Le juge de la Cour suprême à la retraite John Paul Stevens a appelé à une abrogation du deuxième amendement dans une tribune du New York Times mardi, et il a exhorté les manifestants qui font pression pour le contrôle des armes à feu à faire de même. Sa proposition audacieuse a suscité de nombreuses questions quant à savoir si un changement aussi fondamental de la Constitution américaine est légalement – et encore moins politiquement – possible.
« Pendant plus de 200 ans après l’adoption du deuxième amendement, il a été uniformément compris comme ne plaçant aucune limite à l’autorité fédérale ou étatique pour promulguer une législation sur le contrôle des armes à feu », a écrit Stevens.
Cela a changé en 2008, lorsque la Cour suprême a statué dans l’affaire du District de Columbia contre Heller qu’il existe un droit individuel de porter des armes. Stevens était l’un des quatre dissidents.
« Cette décision – dont je reste convaincu qu’elle était erronée et certainement discutable – a fourni à la N.R.A. une arme de propagande d’une immense puissance. Renverser cette décision via un amendement constitutionnel pour se débarrasser du deuxième amendement serait simple et ferait plus pour affaiblir la capacité de la N.R.A. à entraver le débat législatif et à bloquer une législation constructive sur le contrôle des armes à feu que toute autre option disponible », a écrit Stevens.
Mais à quel point est-il « simple » – ou difficile – d’abroger un amendement constitutionnel, et comment fonctionne le processus d’abrogation ?

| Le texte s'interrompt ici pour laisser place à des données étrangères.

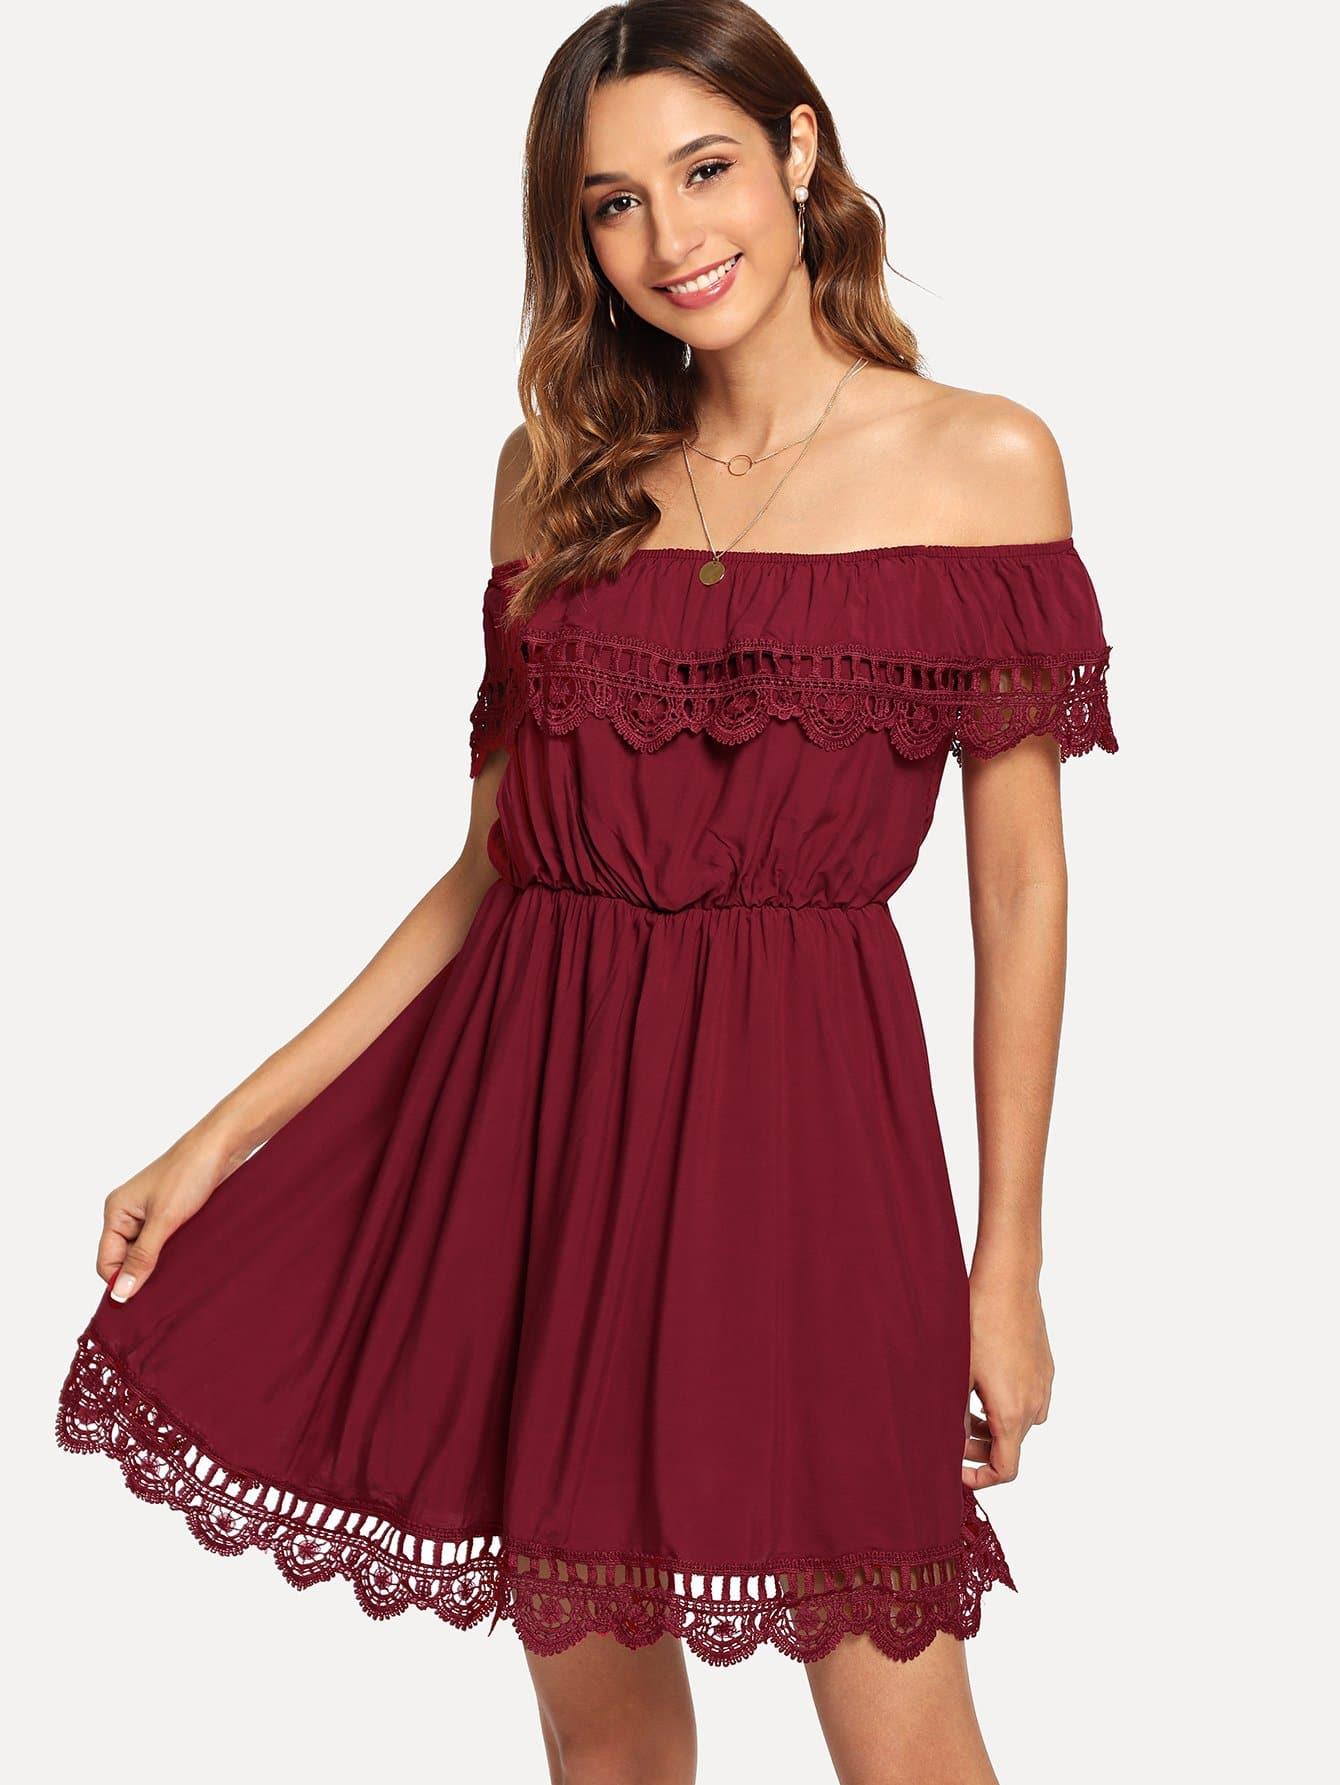 Купить Закройное платье без бретелек и с кружевными оборками, Gabi B, SheIn

Les experts disent qu’il y a deux façons de procéder. Le premier processus exige que toute proposition d’amendement à la Constitution soit adoptée par la Chambre et le Sénat à la majorité des deux tiers. Il faudrait ensuite qu’elle soit ratifiée par les trois quarts des 50 États – soit 38 d’entre eux.
Historiquement, cela s’est avéré difficile.
Le « processus ardu a vanné tous les amendements proposés au cours des 230 dernières années, à l’exception d’une poignée », a écrit au début du mois Ron Elving, rédacteur principal et correspondant du bureau de Washington pour NPR News.
« Même les idées relativement populaires avec une grande tête d’affiche peuvent se heurter au mur du processus d’amendement. Combien plus difficile serait-il de s’attaquer à la possession individuelle d’armes à feu dans un pays où tant de citoyens possèdent des armes – et se soucient passionnément de leur droit de le faire ? » écrit Elving. Il a souligné le « soutien énorme » dont bénéficie la possession d’armes à feu dans de grandes parties de la nation, en particulier dans le Sud, l’Ouest et le Midwest, « ce qui totaliserait facilement plus qu’assez d’États pour bloquer un amendement sur le contrôle des armes à feu. »
La deuxième option pour abroger un amendement est de tenir une convention constitutionnelle. Dans ce cas, les deux tiers des législatures des États devraient appeler à une telle convention, et les États rédigeraient des amendements qui devraient ensuite être ratifiés par les trois quarts des États.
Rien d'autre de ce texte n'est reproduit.